DATA PROVIDED

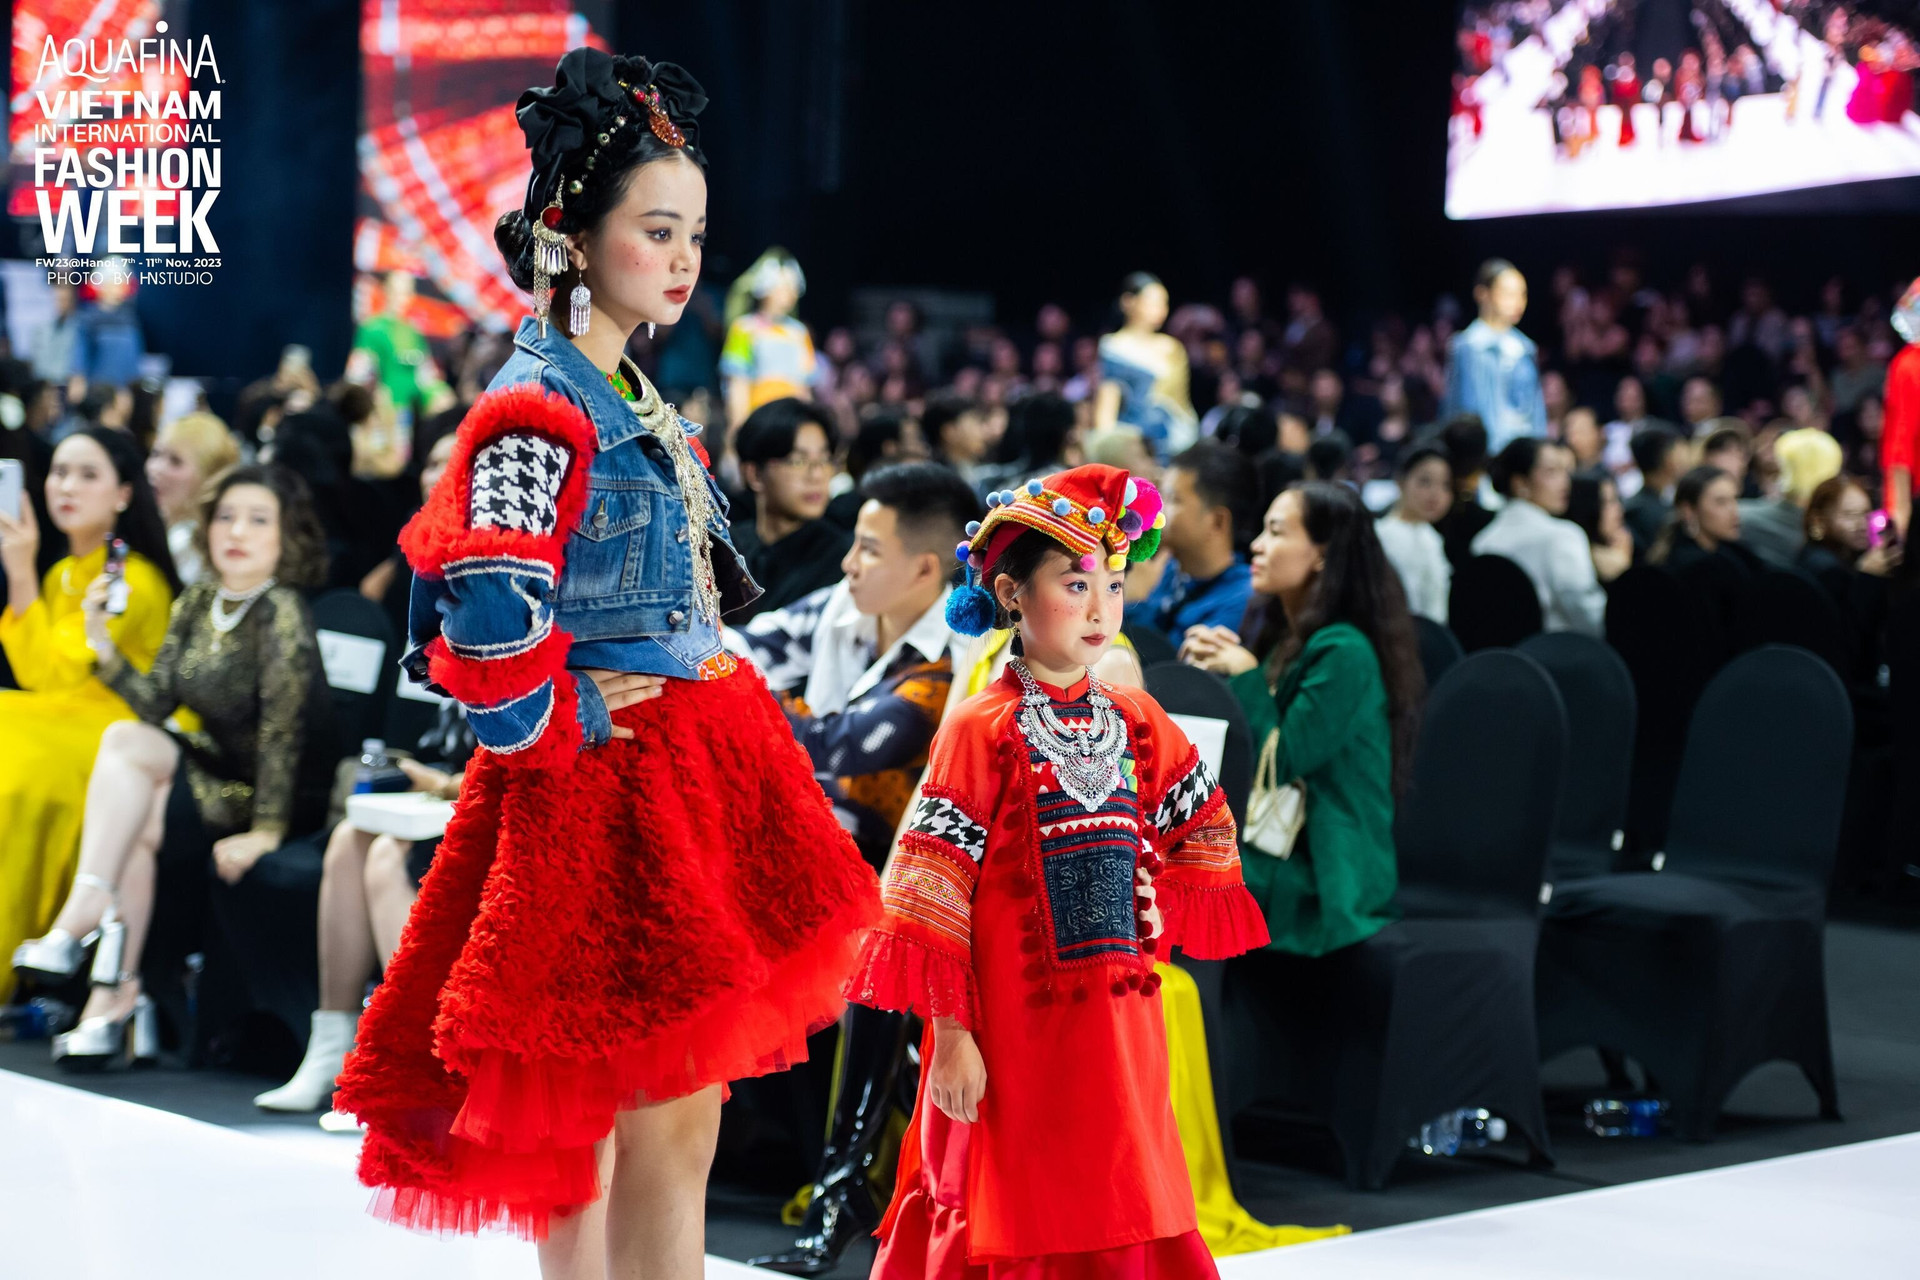 Maika Khánh Ngọc mới 12 tuổi nhưng đã có nhiều kinh nghiệm trên sàn diễn thời trang.
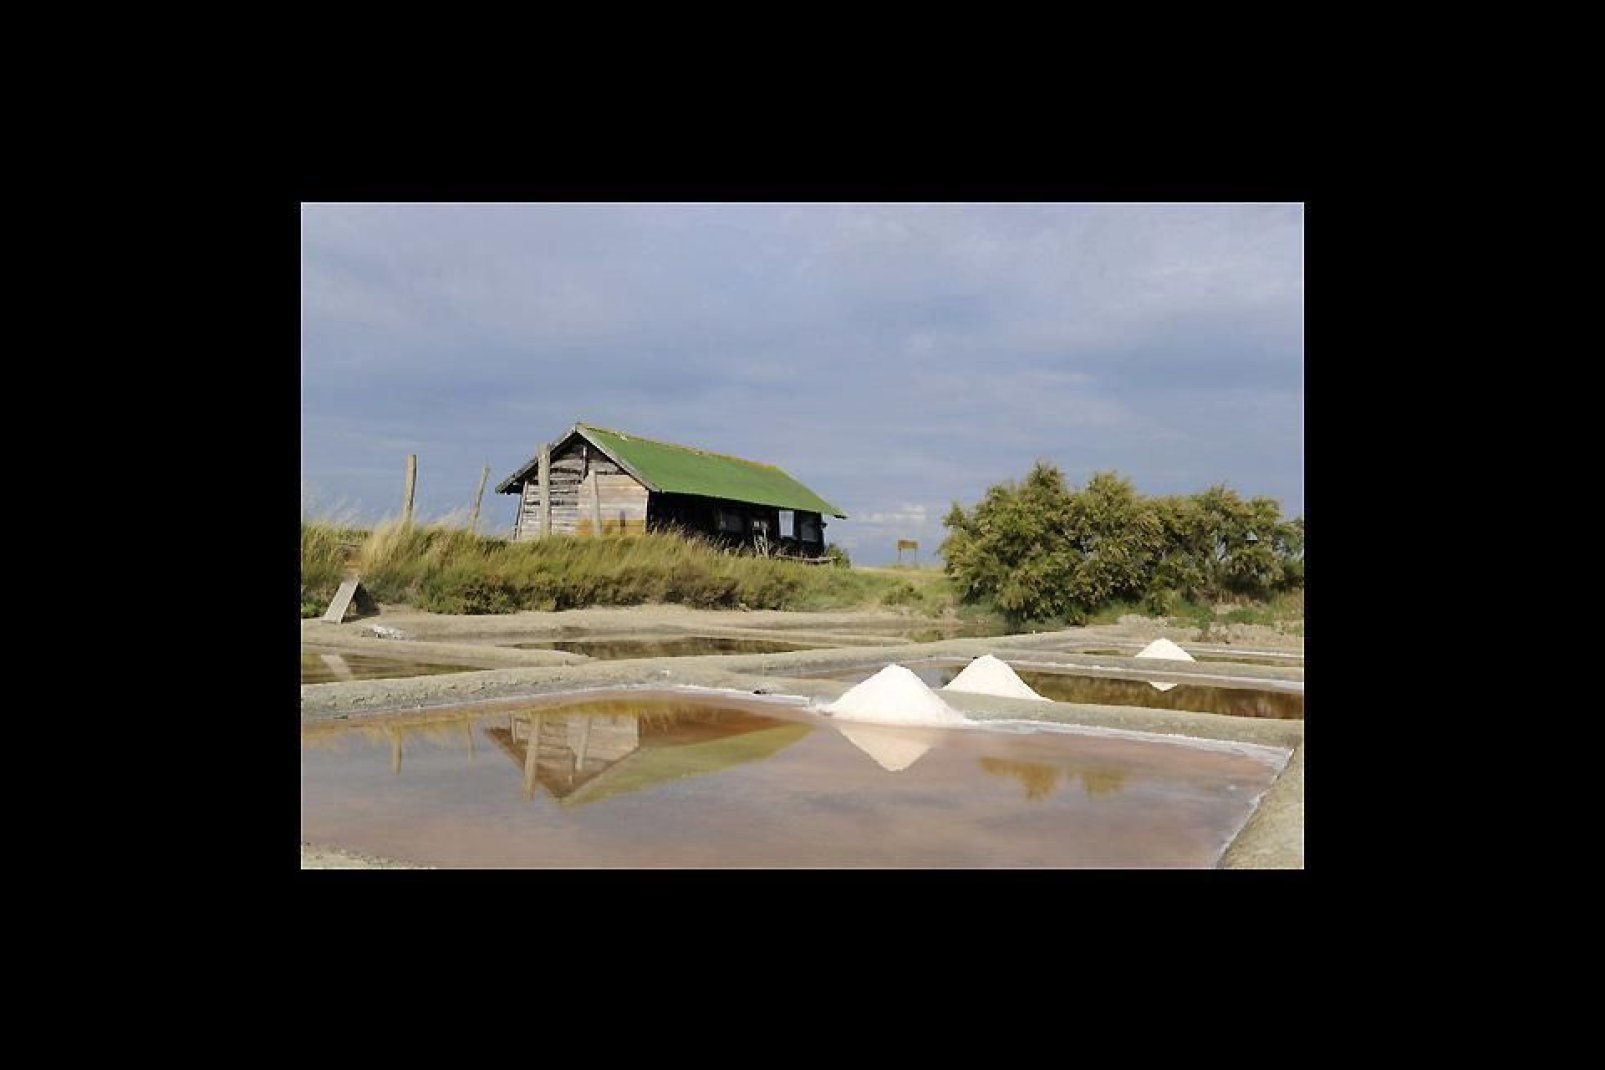 A pocos kilómetros al norte de la ciudad, las salinas son una zona natural protegida en la que podrás ver cómo los salineros extraen la sal.
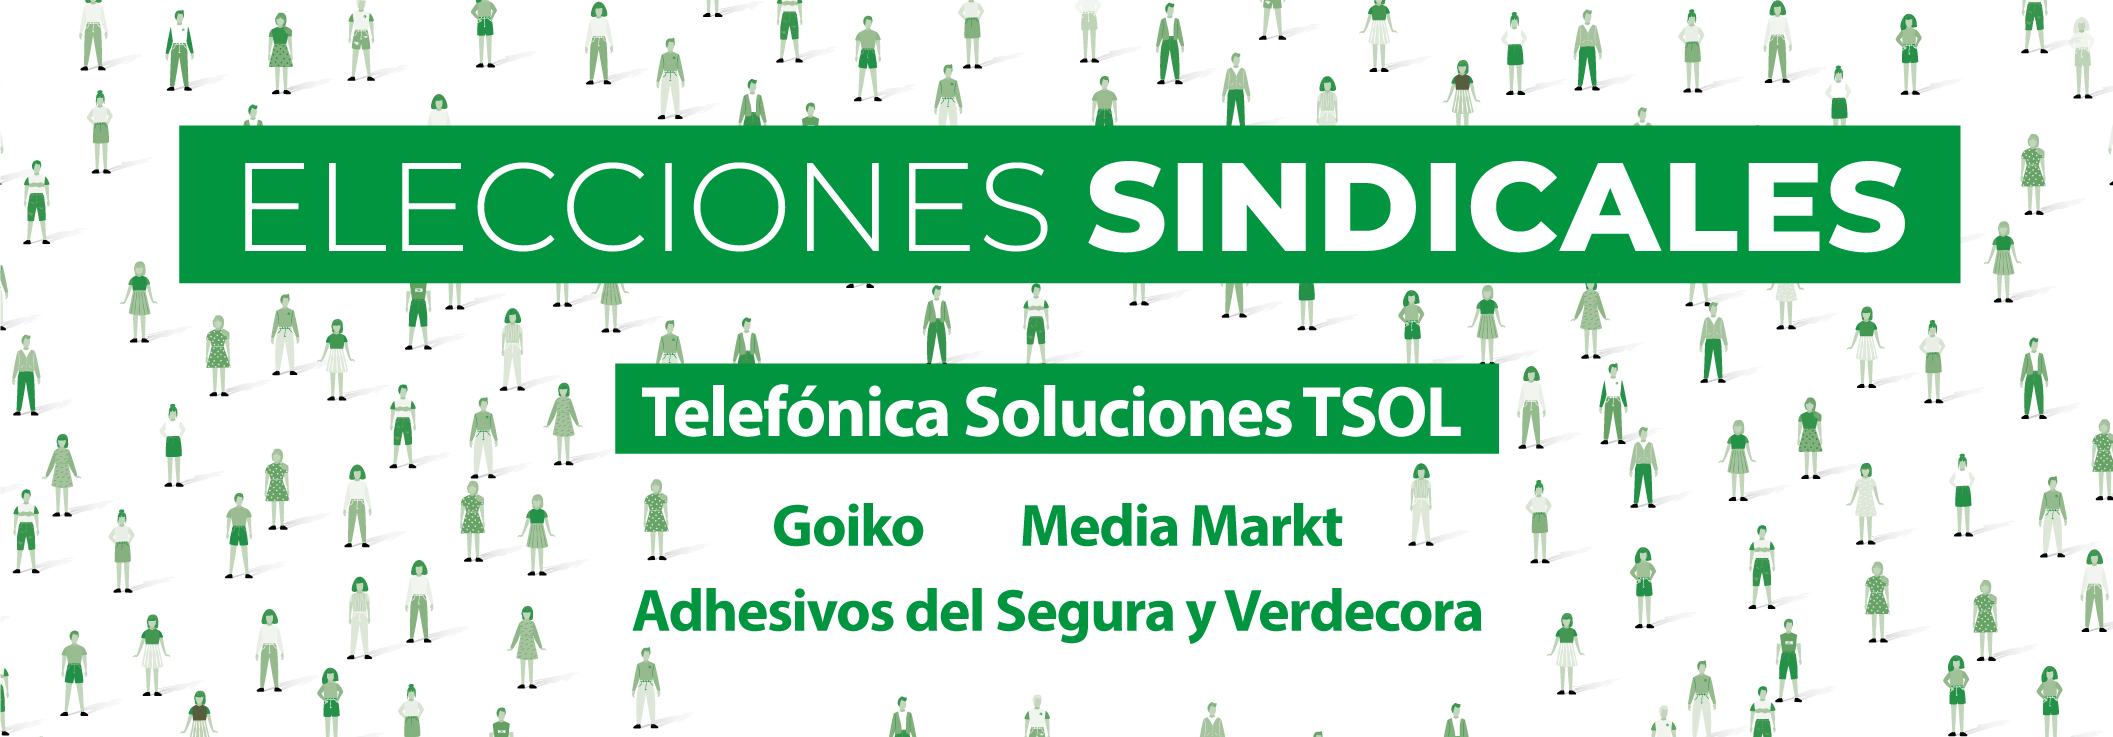 Fetico suma 18 delegados/as en Telefónica Soluciones (TSOL), Goiko, Media Markt, Adhesivos del Segura y Verdecora
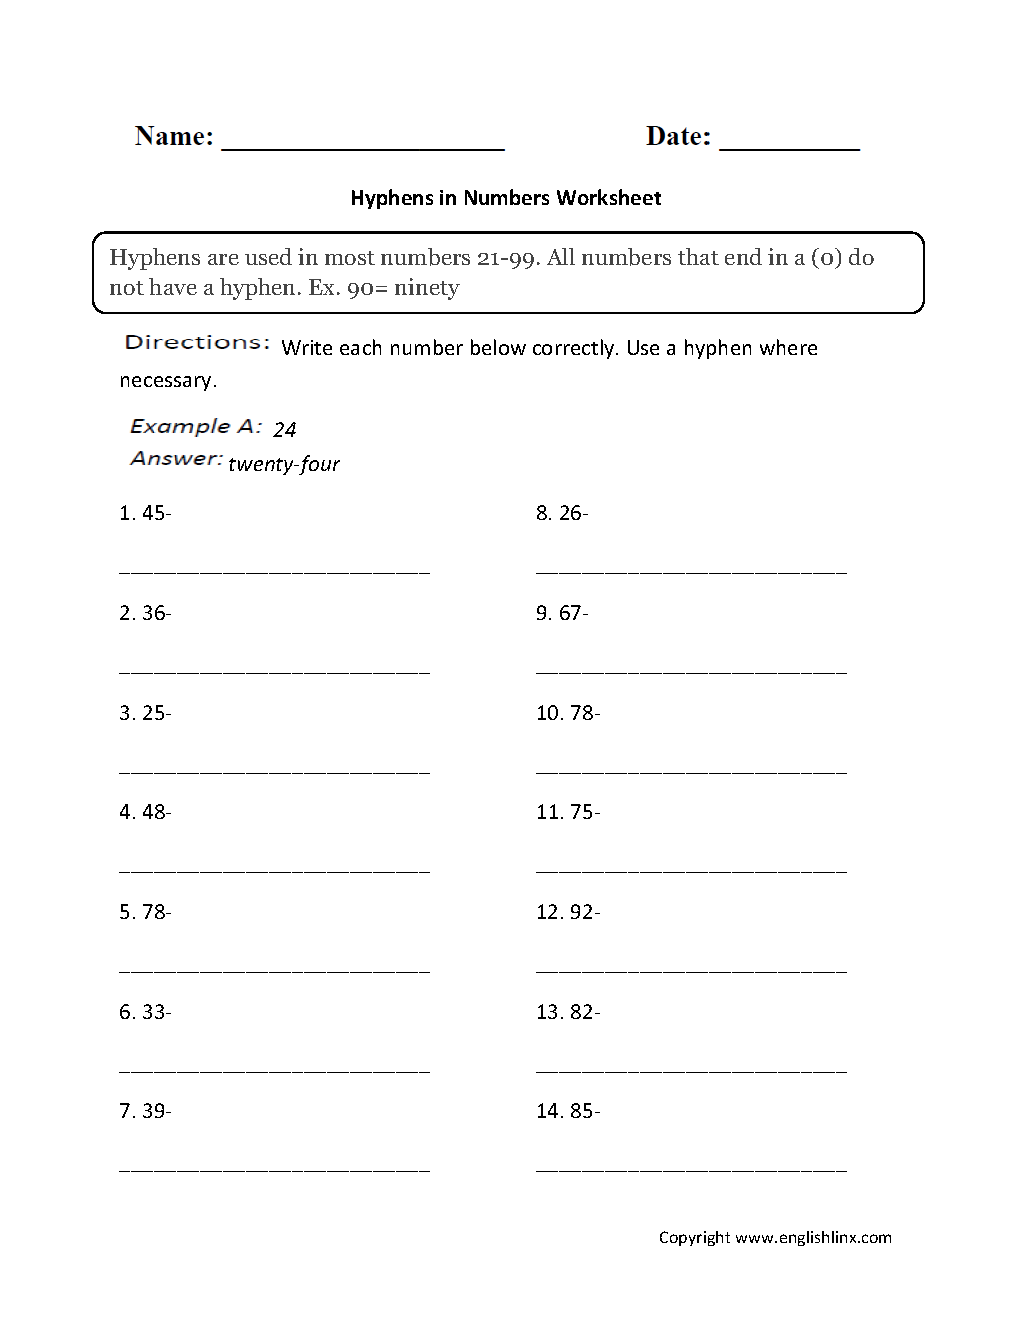 Hyphens in Numbers Worksheets

EXERCISE INSTRUCTIONS
Nothing but the lines from the one that holds "Fetico suma 18" through the end of the data should appear, written out exactly, without pictures.

EXPECTED ANSWER
 Fetico suma 18 delegados/as en Telefónica Soluciones (TSOL), Goiko, Media Markt, Adhesivos del Segura y Verdecora
 Hyphens in Numbers Worksheets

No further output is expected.